Friday, February 29, 2008!
this leap day, i decided to take a trip down memory lane. i thought my heart was steeled enough and the wounds of whats loved and lost have been healed for long. yet, i sit here now blogging because the pain is so intimate and deep that if i dont let it out, i'm afraid that i will burst out in tears.
and i refuse to cry on leap day. because these tears will then forever be remembered - along with the reasons for these tears.
i hate to tell myself that it doesnt matter anymore. that you dont matter anymore. that i can bury what last emotions i have for you away, and with all my heart(how naive of me to think that my heart can withstand so much.)look at you platonically.
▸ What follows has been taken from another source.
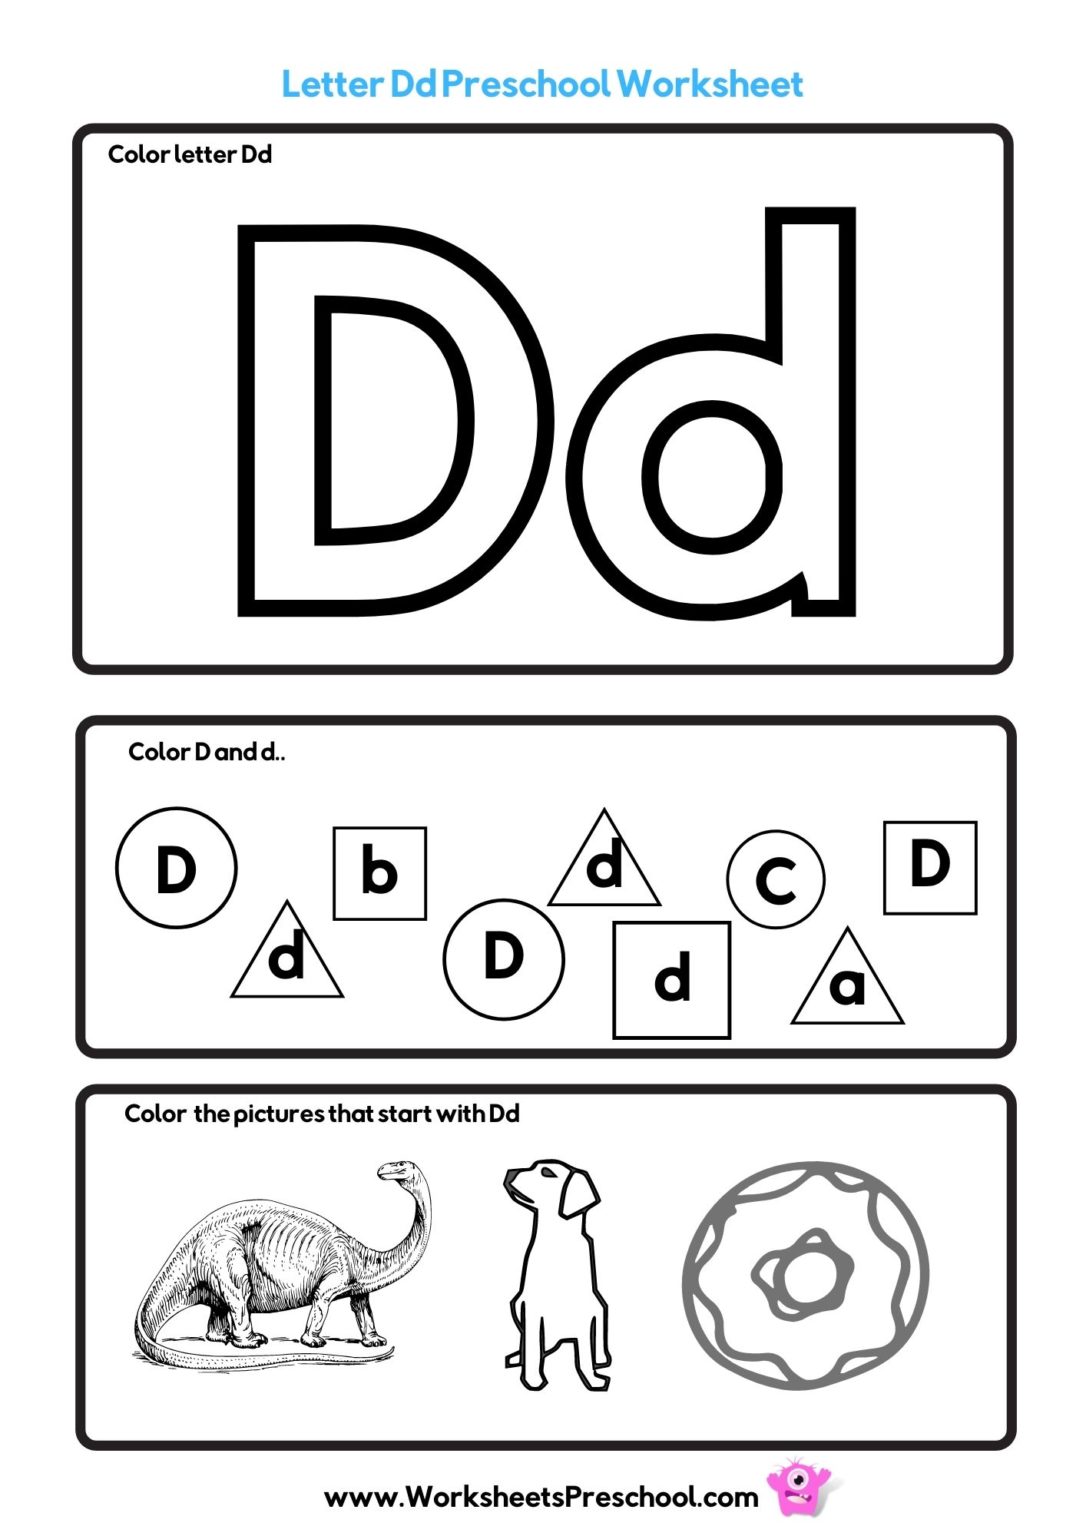 Letter D Worksheets For Preschool 4 Free Printable PDFs

oh how i tried. sometimes even managing to convince myself 'there you see, it doesnt hurt so much after all'. but no, its just self-hypnosis that i've grew so fond of. honestly, i think alot of my life consist of self-hypnosis which, honestly, is a pretty good way to escape. until i wake up from it.
let me say it. out loud. YES I MISS U. I MISS U ALOT. i miss the times we had together, the tenderness in your eyes, the laughter that i reserve just for you, the feeling of being so sure of your presence in my life, the feeling that you matter so damn much to me and i to you. I MISS U.
just for today, 29 february 2008, let me wake up from my self-hypnosis. let me face my feelings for once. let me admit to myself that yes, i will always always miss you and will always always wish that things were like before. that i can have u back into my life again. let me admit that i was a fool. let me admit that i have always always been upset about that decision that i made. let me admit that you were the best for me and that i always always have this deep fear that i will never ever find another better.
let me admit. admit that i have always been regretful.
and furiously angry.
it still hurts. so much that all it took to evoke all these were 3 simple notes.
i really really miss you.
but after today, no, after this blog post, i am just going to bury all these away. tell myself that its all in the past and i was glad it happened. give a contented sigh. pretend to move on, and maybe really move on.
i really miss you.
Wednesday, January 30, 2008!
i carry your heart with me
i carry your heart with me
(i carry it in my heart)
i am never without it
(anywhere i go you go,my dear; and whatever is done
by only me is your doing,my darling)
i fear no fate
(for you are my fate,my sweet)
i want no world
(for beautiful you are my world,my true)
and it's you are whatever a moon has always meant
and whatever a sun will always sing is you
here is the deepest secret nobody knows
(here is the root of the root and the bud of the bud
and the sky of the sky of a tree called life;which grows
higher than the soul can hope or mind can hide)
and this is the wonder that's keeping the stars apart
i carry your heart
(i carry it in my heart)
- ee cummings
i love the music that is weaved within the words, most intricately,like the weaving of gold threads into fragile clothing. it seems to beckon, "listen, and sing along with me".